SOURCE MATERIAL »
>>

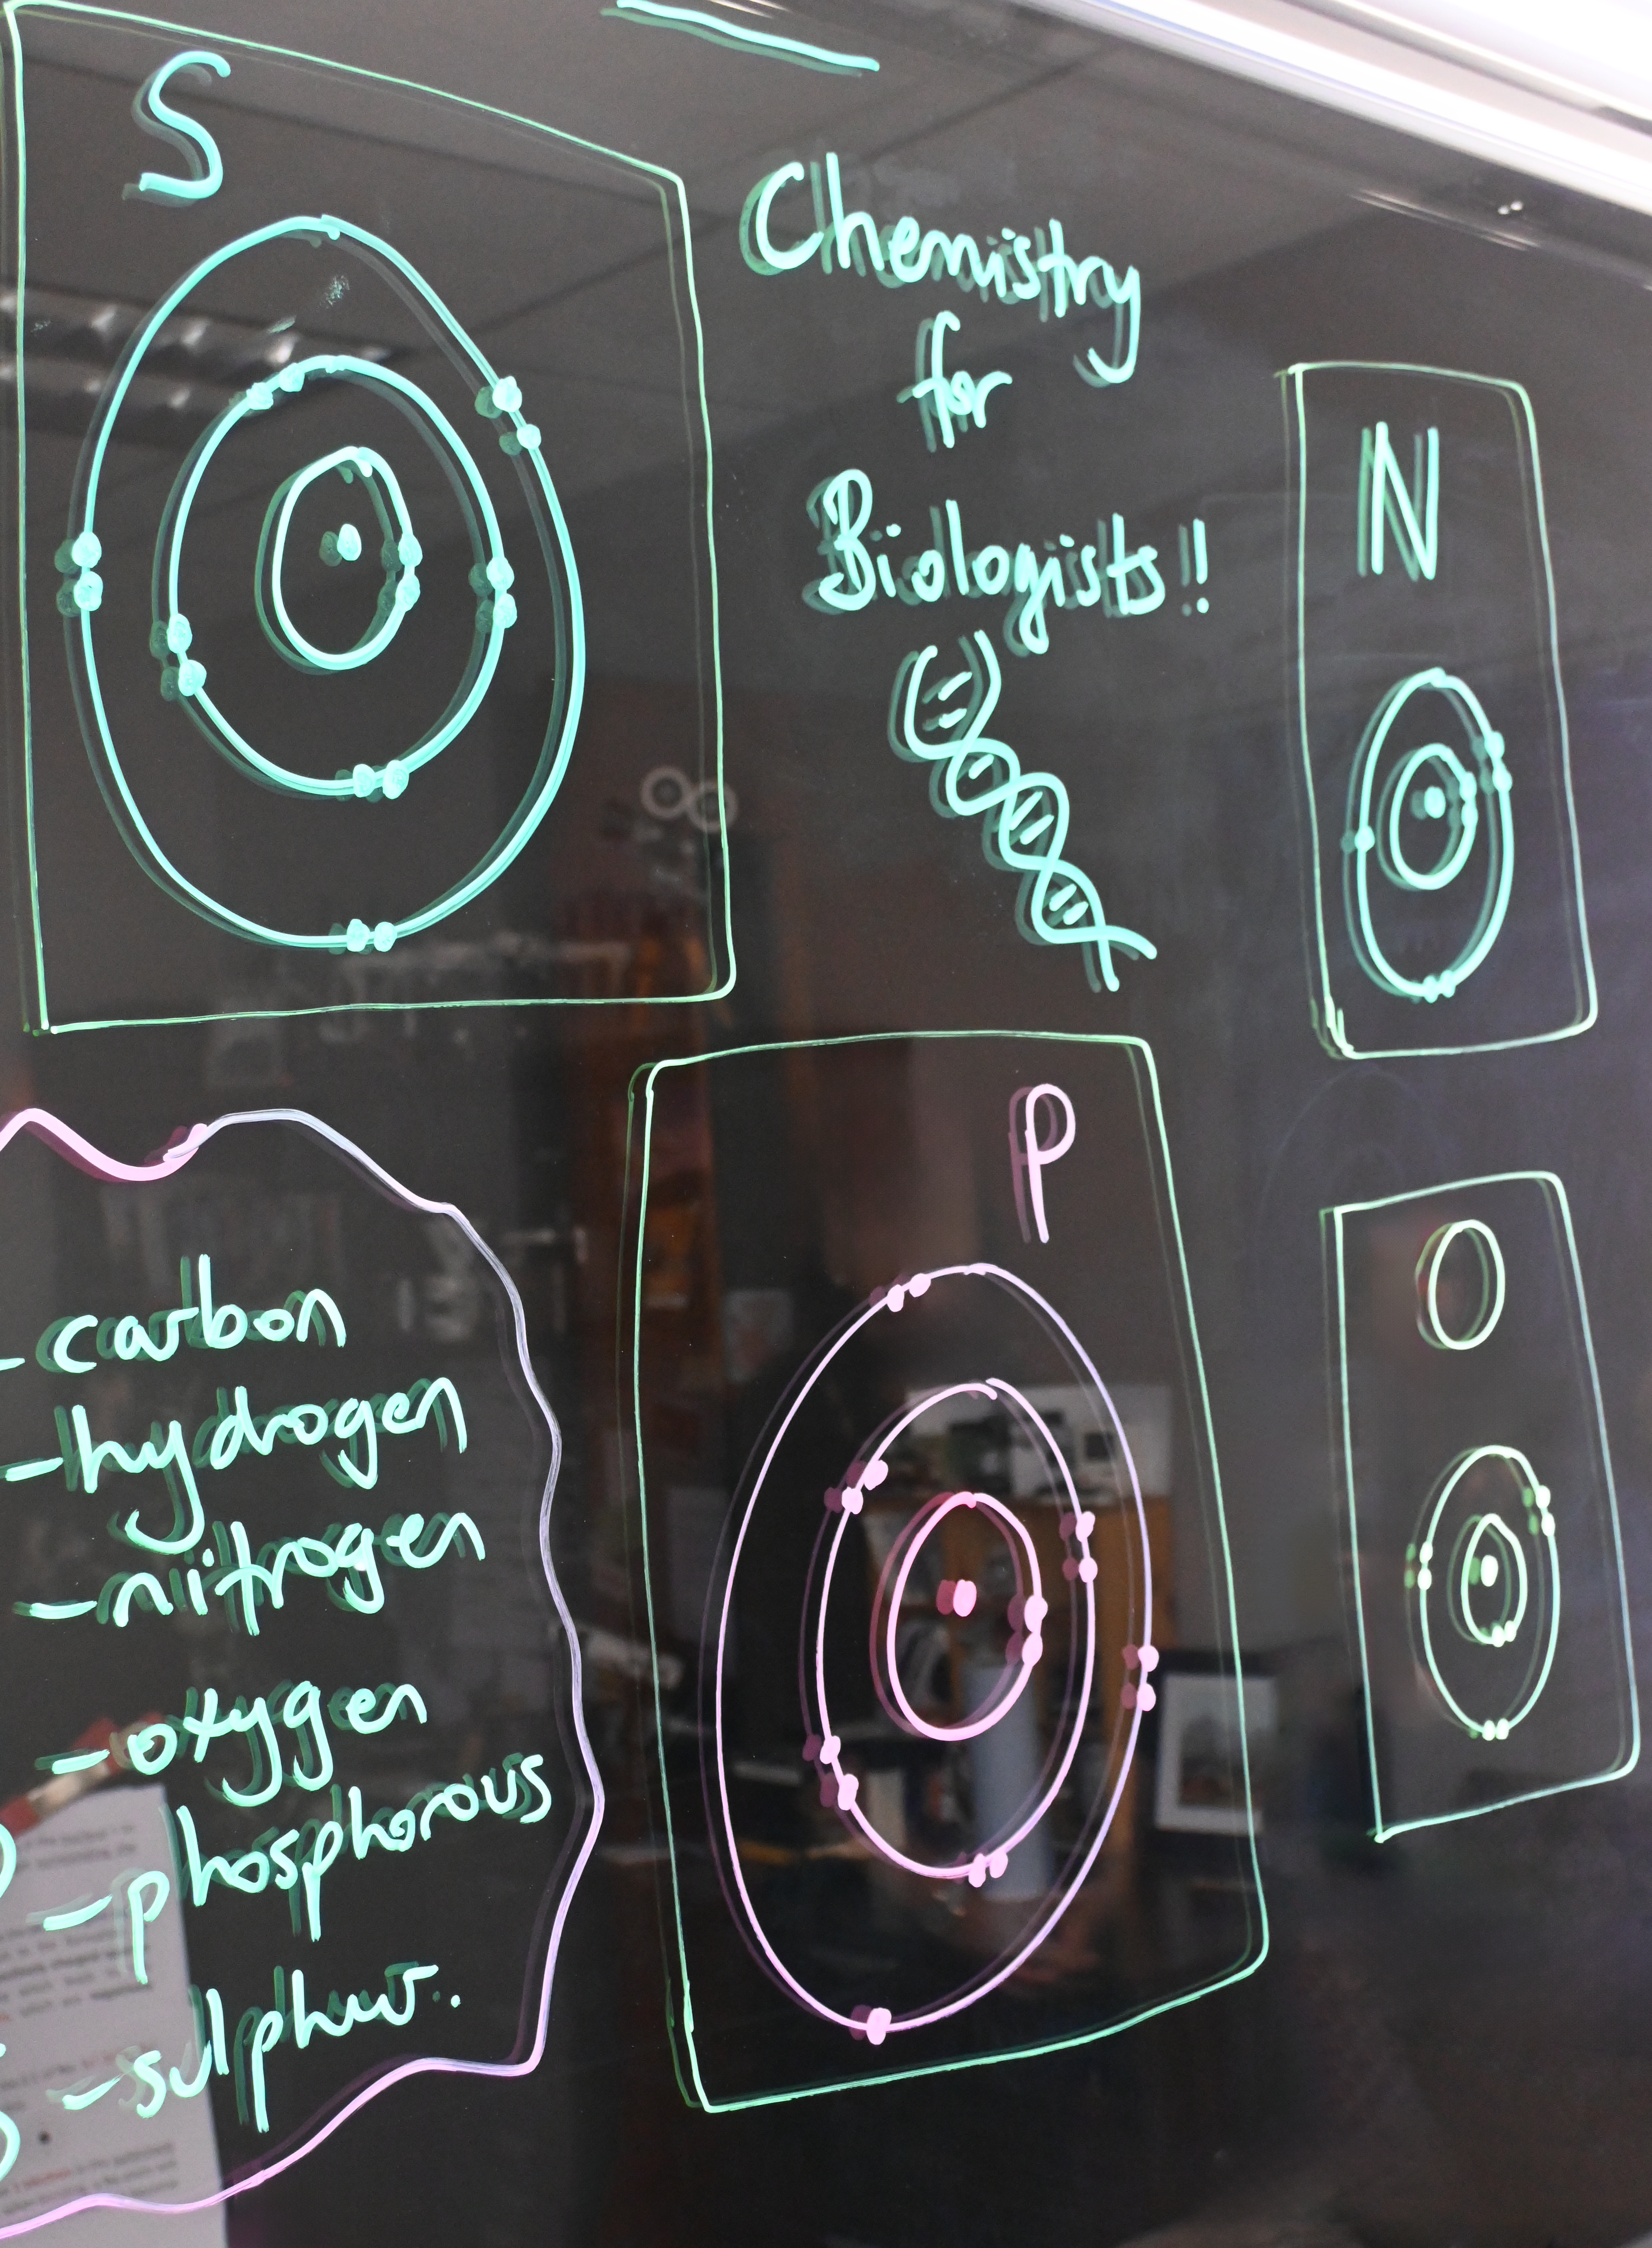 Chemistry content for biologists written on a light board. Drawing of some atoms that make of life are around the light board.
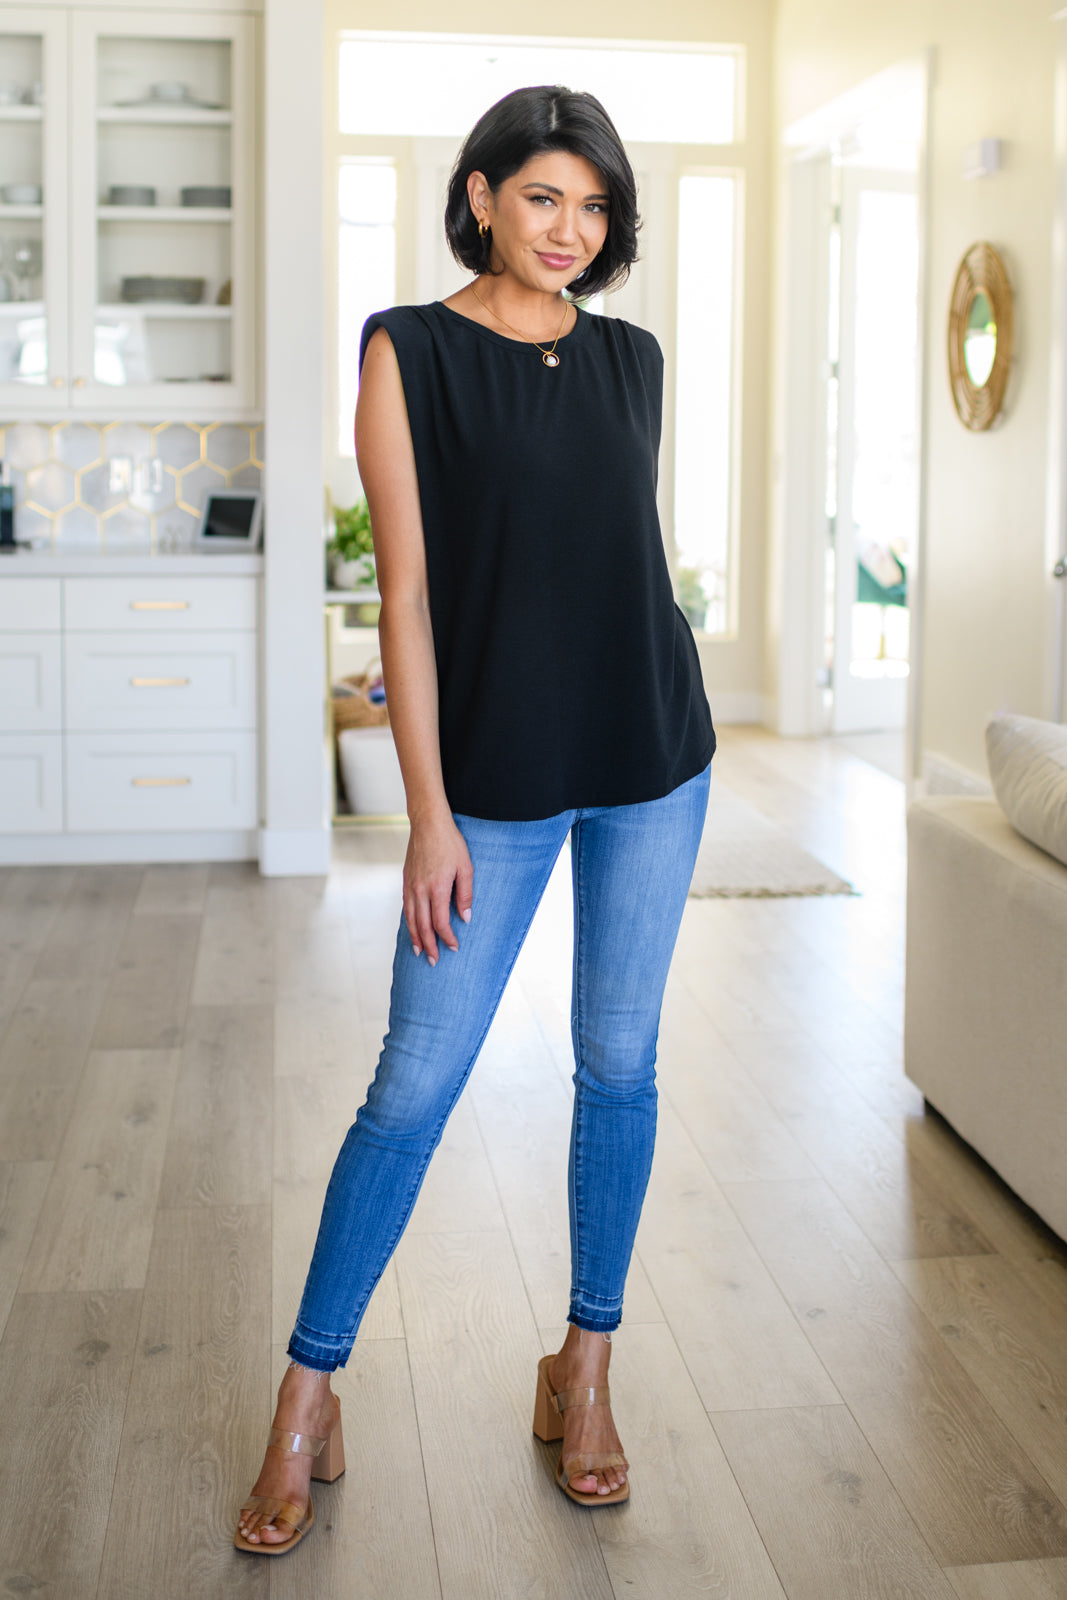 This Juke Box Hero Shoulder Pad Top is perfect for your next night out. Crafted with comfy jersey knit material, it features sewn in shoulder pads for a flattering fit and side slits for a modern, edgy look. Its stretchy material allows for versatile styling. Get ready to turn heads! S - 3X
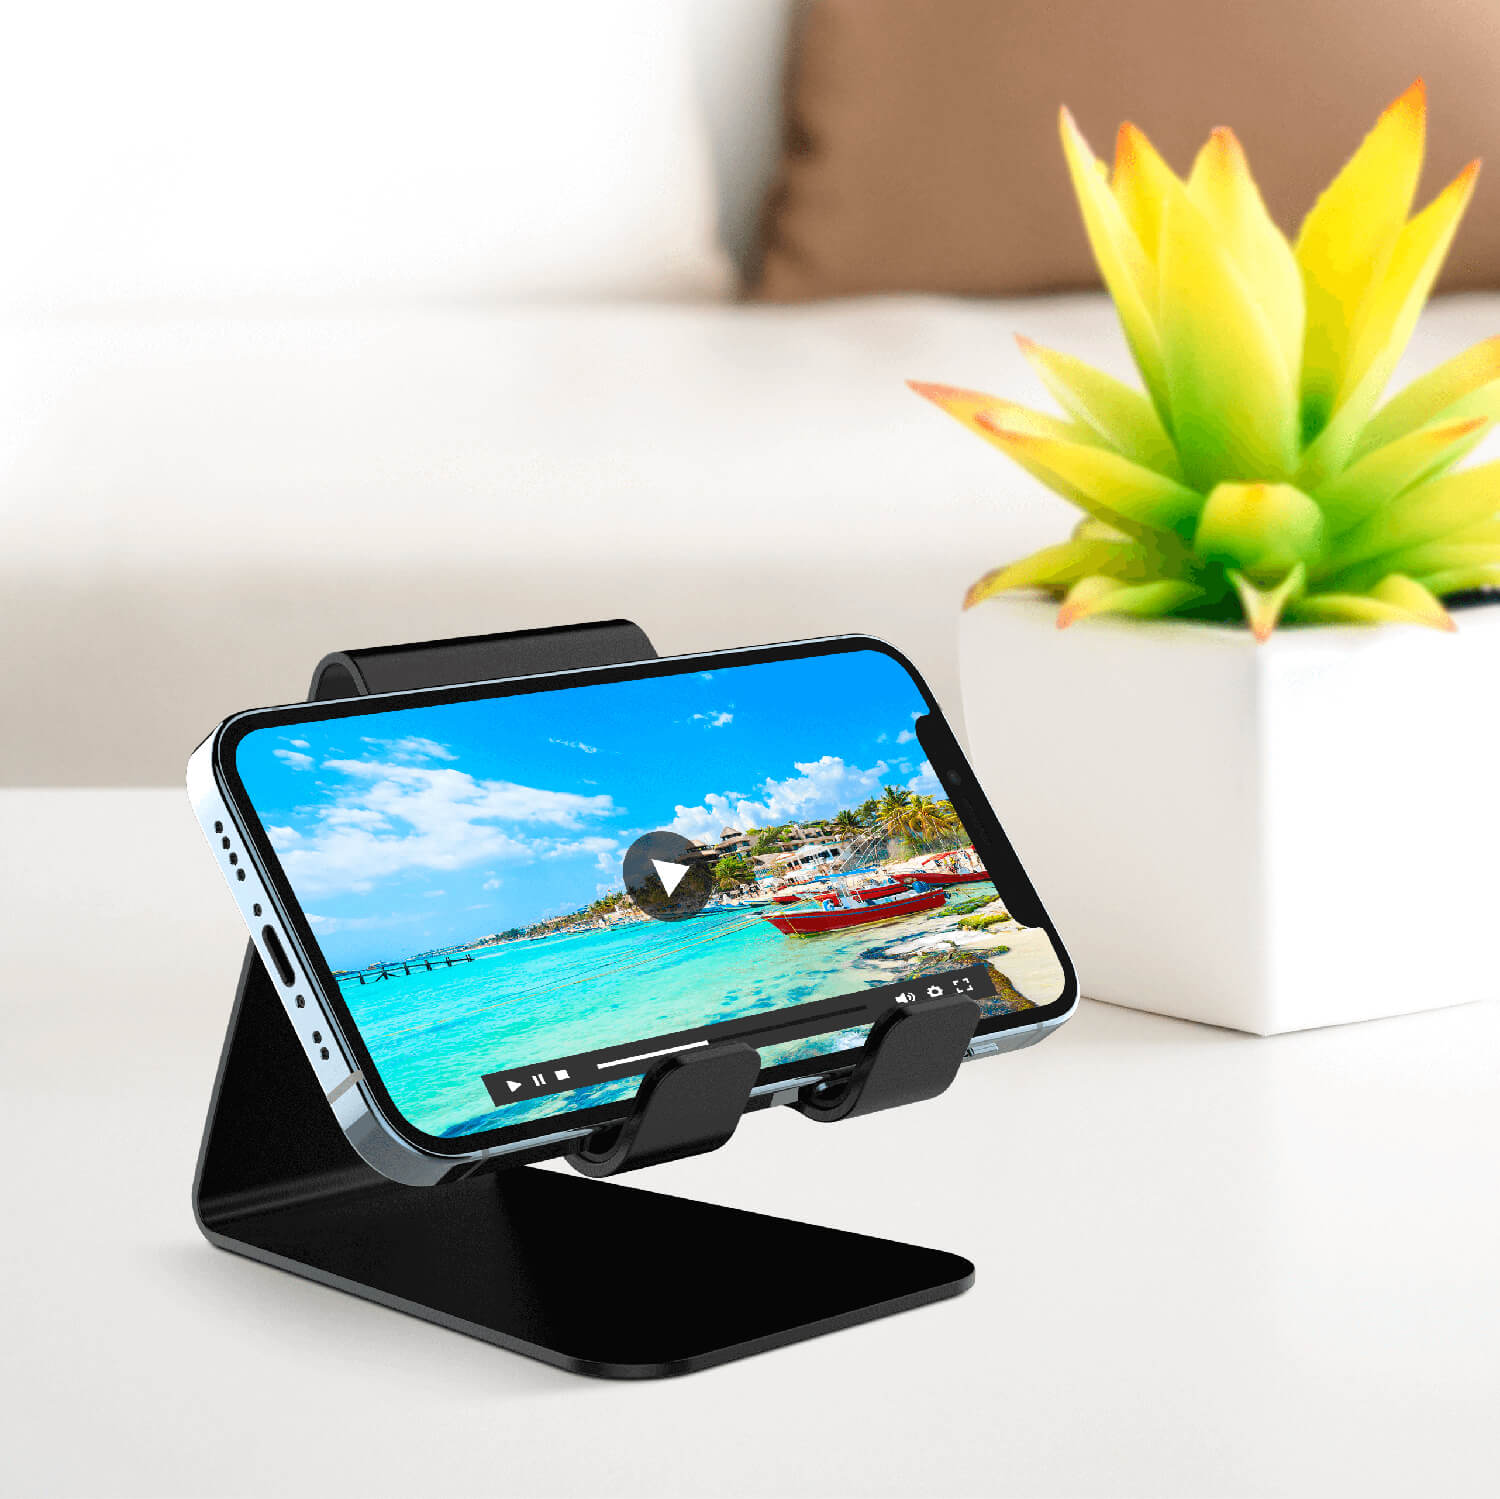 S3 Mini Mobile Stand - Strong Built Quality

<<

WHAT TO DO » The answer must consist solely of the lines from the one with "This Juke Box" through the final line of the data, each reproduced exactly and with pictures omitted.

ANSWER SECTION »
 This Juke Box Hero Shoulder Pad Top is perfect for your next night out. Crafted with comfy jersey knit material, it features sewn in shoulder pads for a flattering fit and side slits for a modern, edgy look. Its stretchy material allows for versatile styling. Get ready to turn heads! S - 3X
 S3 Mini Mobile Stand - Strong Built Quality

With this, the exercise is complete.